Examples¶

GAZE includes five complete example applications demonstrating different use cases.

NOVA brain MRI¶

Location: examples/nova/ (README)

Brain MRI analysis with three sub-tasks: caption generation, diagnosis prediction, and lesion localization. Uses the NOVA dataset which auto-downloads from HuggingFace.

pip install gaze-vlm[nova]

# Single-turn mode
uv run python -m examples.nova.src.cli \
  --model openai/gpt-4o \
  --mode single_turn \
  --max-samples 10

# Agentic mode with tools
uv run python -m examples.nova.src.cli \
  --model openai/gpt-4o \
  --mode agentic \
  --use-tools \
  --max-turns 5 \
  --max-samples 10

GEMeX visual grounding¶

Location: examples/gemex_thinkvg/ (README)

Visual grounding with chain-of-thought reasoning on chest X-rays. Requires MIMIC-CXR access (PhysioNet credentialed).

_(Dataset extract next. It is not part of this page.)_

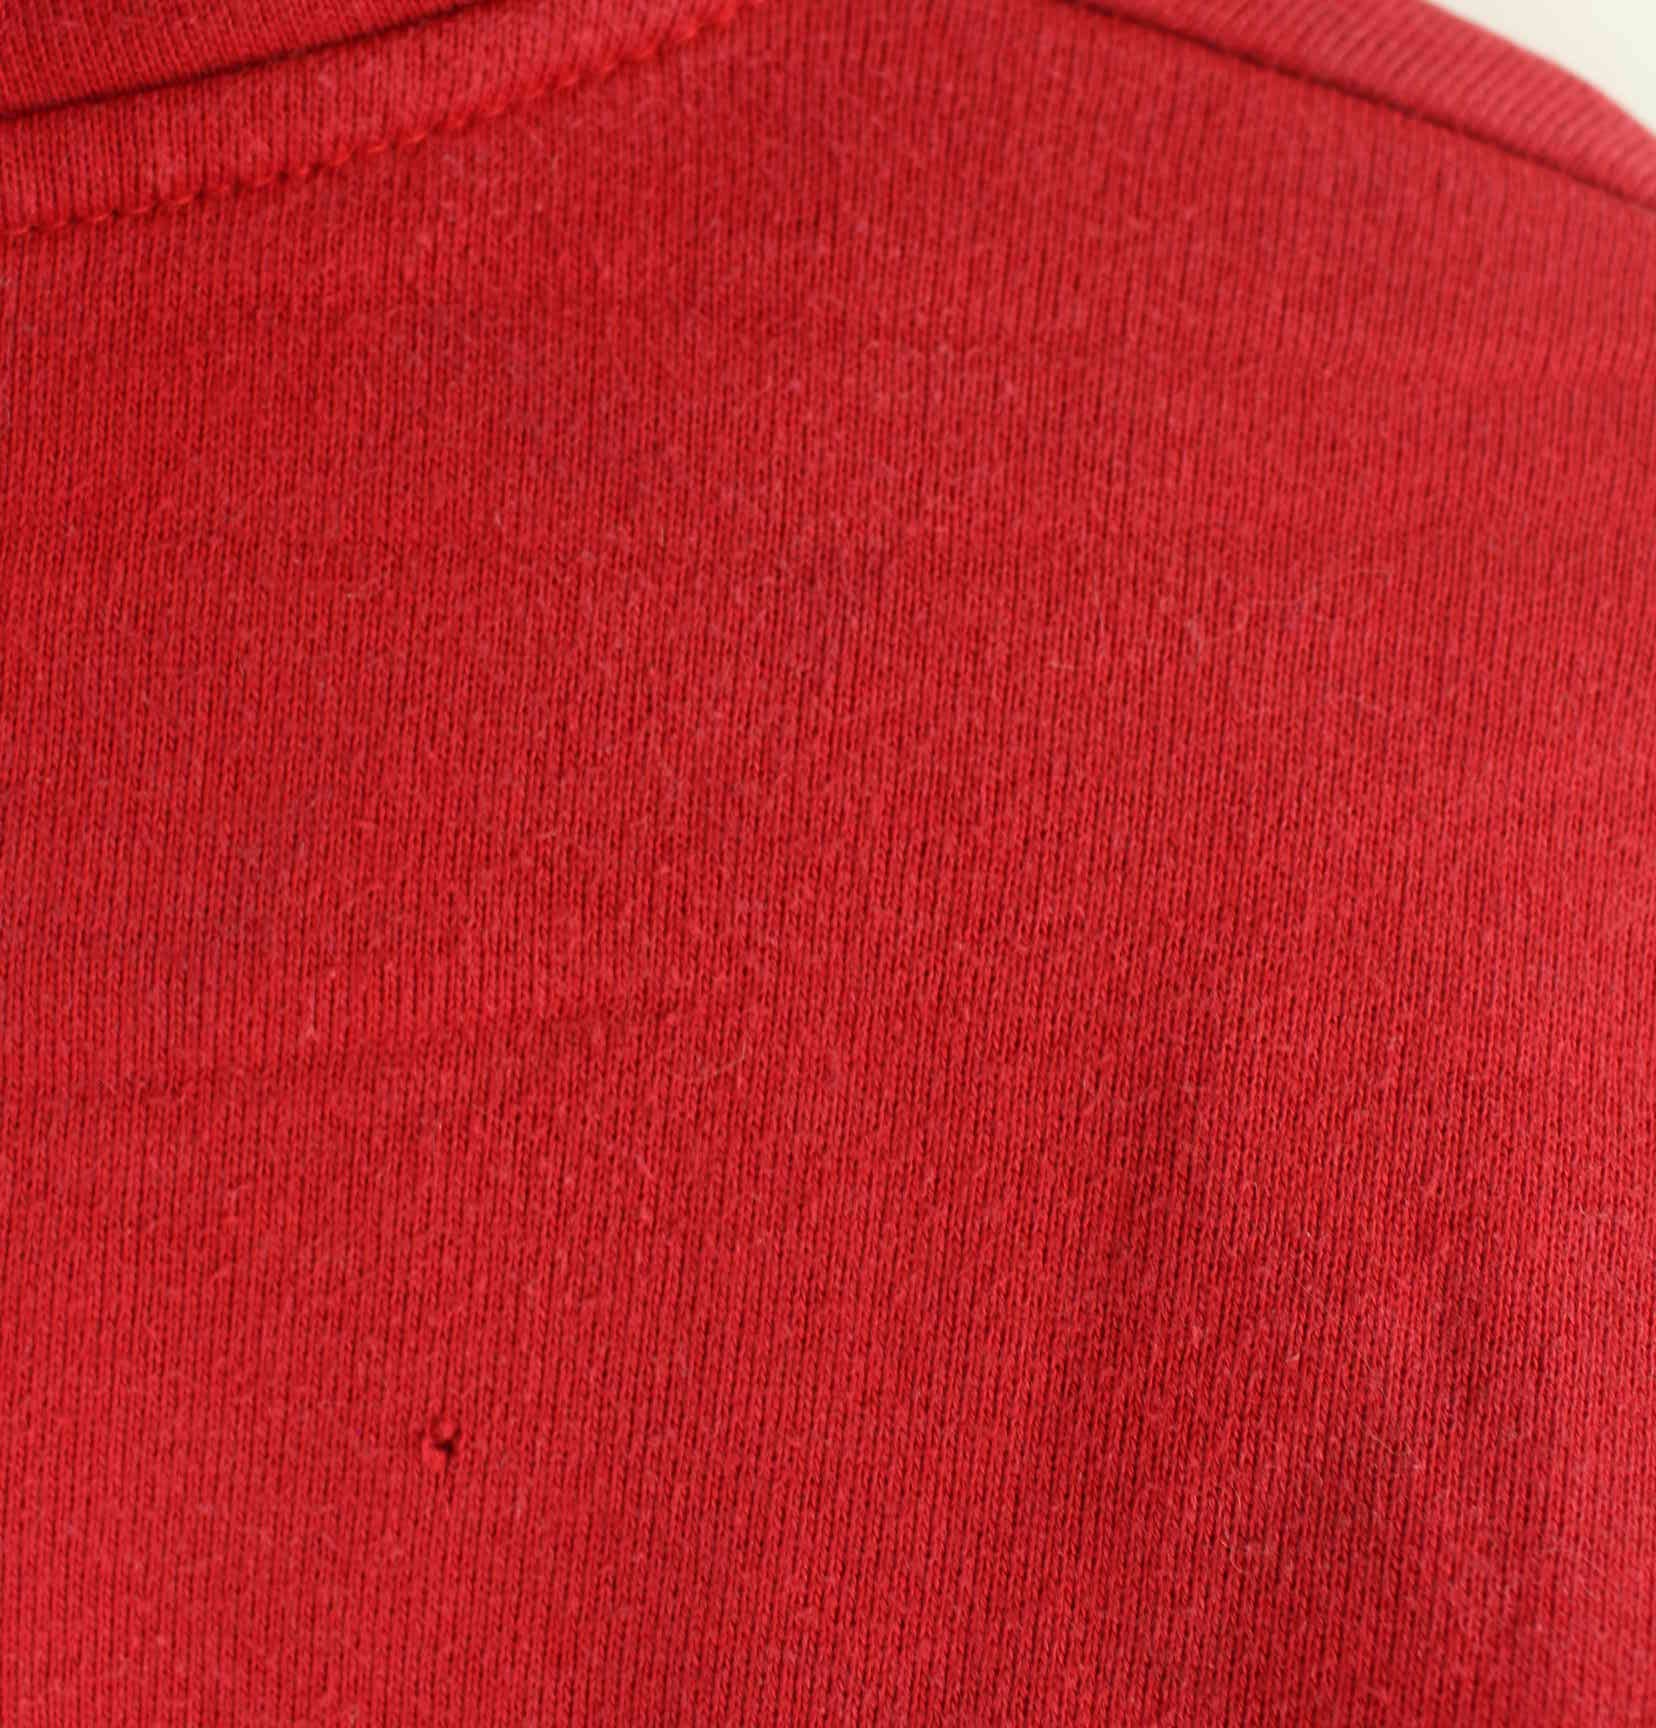 Quiksilver 90s Vintage Embroidered Print Hoodie Rot M (detail image 6)
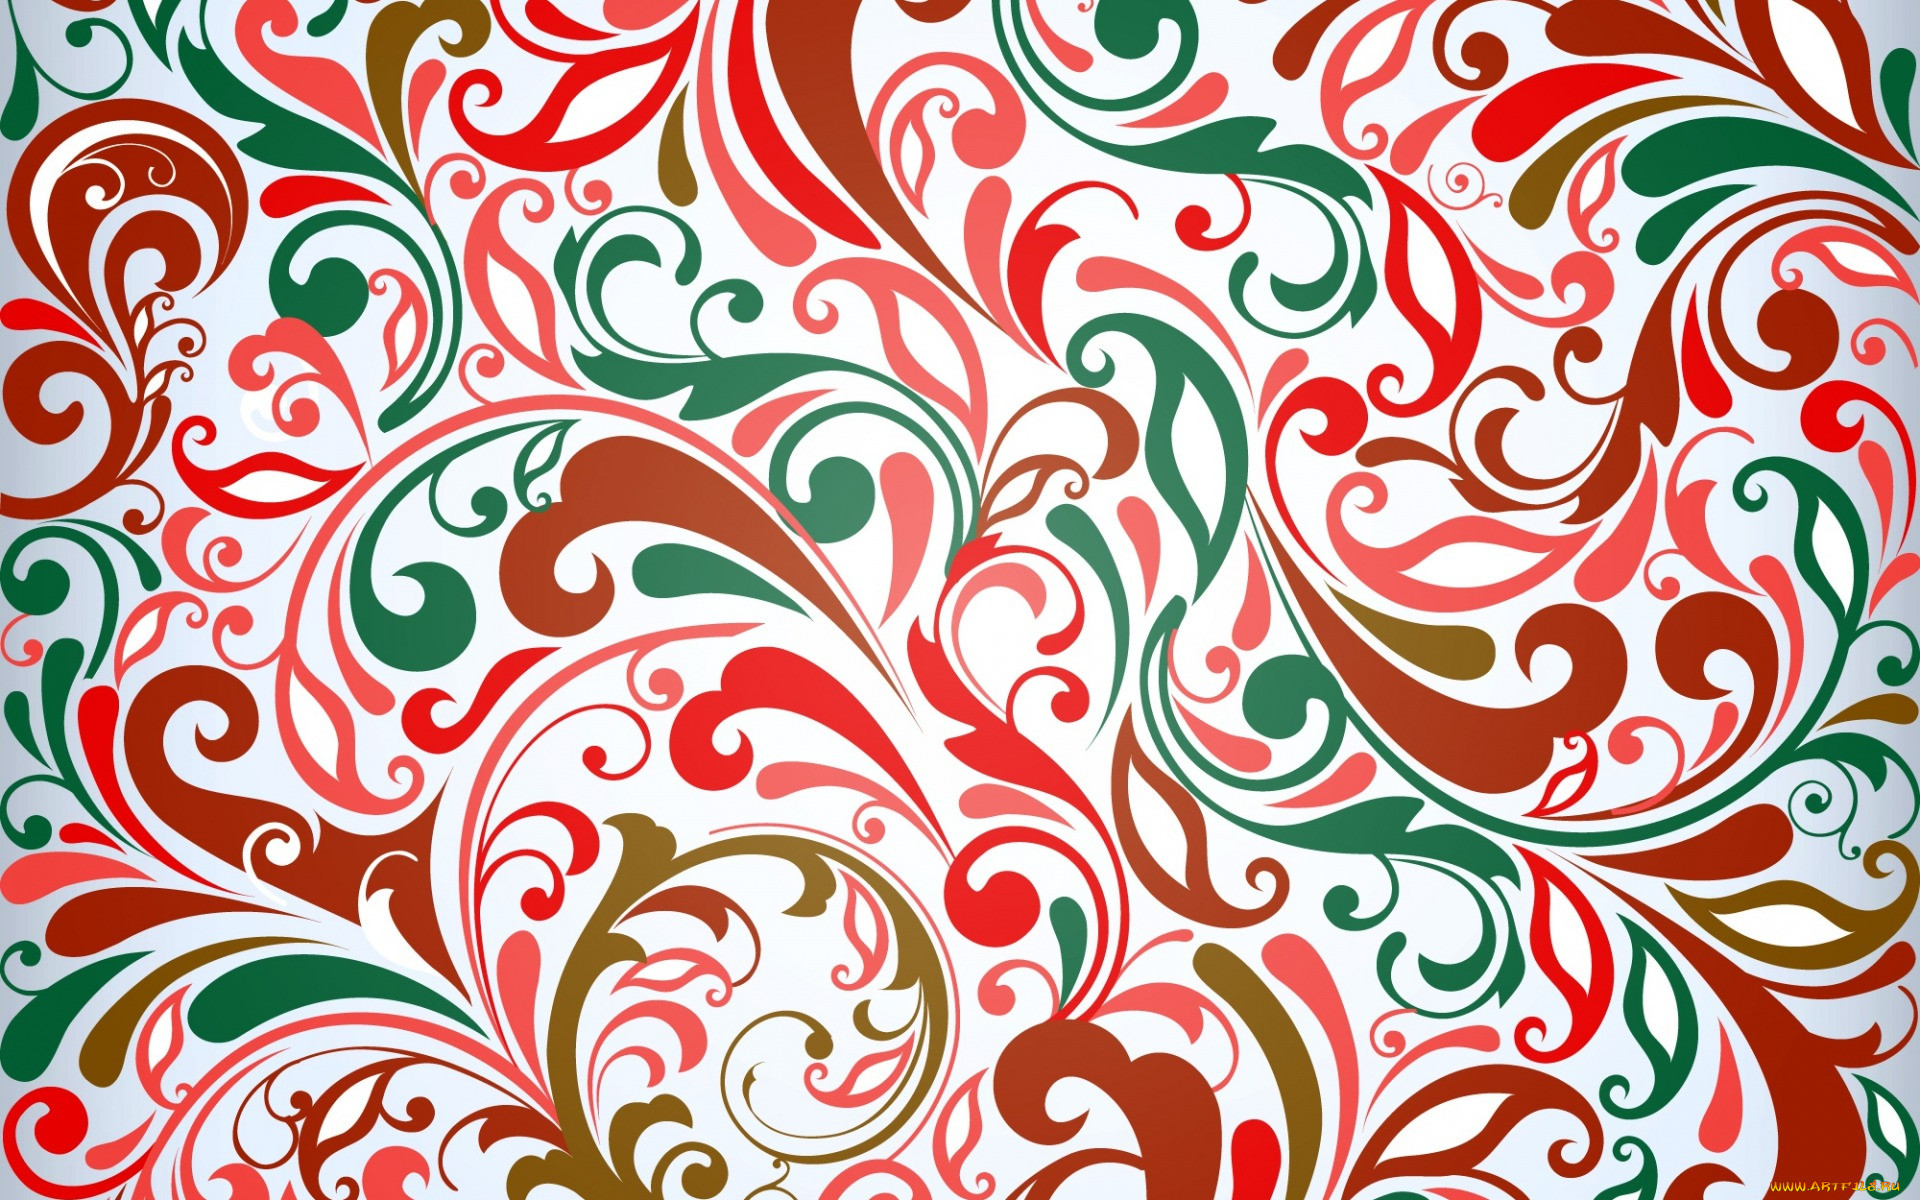  ,  , graphics, pattern, background, abstract, colorful, design

pip install gaze-vlm[gemex]

uv run python -m examples.gemex_thinkvg.eval \
  --dataset ./data/test.jsonl \
  --image-dir /path/to/mimic-cxr-jpg \
  --model openai/gpt-4o \
  --mode agentic \
  --use-tools \
  --output ./results

AgentClinic NEJM¶

Location: examples/agentclinic_nejm/ (README)

Multi-turn diagnostic reasoning where the model gathers clinical information (history, exam, tests, imaging) before making a diagnosis.

pip install gaze-vlm[agentclinic]

uv run python -m examples.agentclinic_nejm.eval \
  --dataset ./data/agentclinic_nejm_extended.jsonl \
  --model openai/gpt-4o \
  --num-samples 10 \
  --output ./results

PubMedQA¶

Location: examples/pubmedqa/ (README)

Text-only medical Q&A with yes/no/maybe answers. Uses the PubMedQA dataset (auto-downloads).

pip install gaze-vlm[pubmedqa]

uv run python -m examples.pubmedqa.src.cli \
  --model openai/gpt-4o \
  --mode single_turn \
  --max-samples 50

VQA-RAD¶

Location: examples/vqa_rad/ (README)

Radiology visual question answering with closed and open-ended questions. Uses the VQA-RAD dataset (auto-downloads).

pip install gaze-vlm[vqa-rad]

uv run python -m examples.vqa_rad.src.cli \
  --model openai/gpt-4o \
  --mode agentic \
  --use-tools \
  --max-samples 20

Local models¶

All examples support local model inference via LM Studio. Pass --base-url to point at your instance:

uv run python -m examples.pubmedqa.src.cli \
  --model qwen3.5-a3b \
  --base-url http://localhost:1234/v1 \
  --mode single_turn \
  --max-samples 5

Writing your own example¶

See Getting started for the pattern. The examples vary in size, but the NOVA example (examples/nova/src/) is representative. Note that evaluation/ is a package, not a single module, and dataset loading lives under data/:

examples/your_task/
    src/
        __init__.py
        cli.py           # CLI entry point (argparse + run_evaluation)
        config.py        # Frozen config dataclass for the task
        processor.py     # AgenticProcessorBase subclass
        schemas.py       # Response schema(s) and validate_response()
        data/            # Dataset loading package
            __init__.py
        evaluation/      # Metrics package, one module per sub-task
            __init__.py
            caption.py
            detection.py
            diagnosis.py
    run_local.sh         # LM Studio convenience script
    README.md

Smaller examples (for instance pubmedqa) collapse some of these into fewer modules. The only hard requirement is a processor that subclasses AgenticProcessorBase and implements the four abstract methods.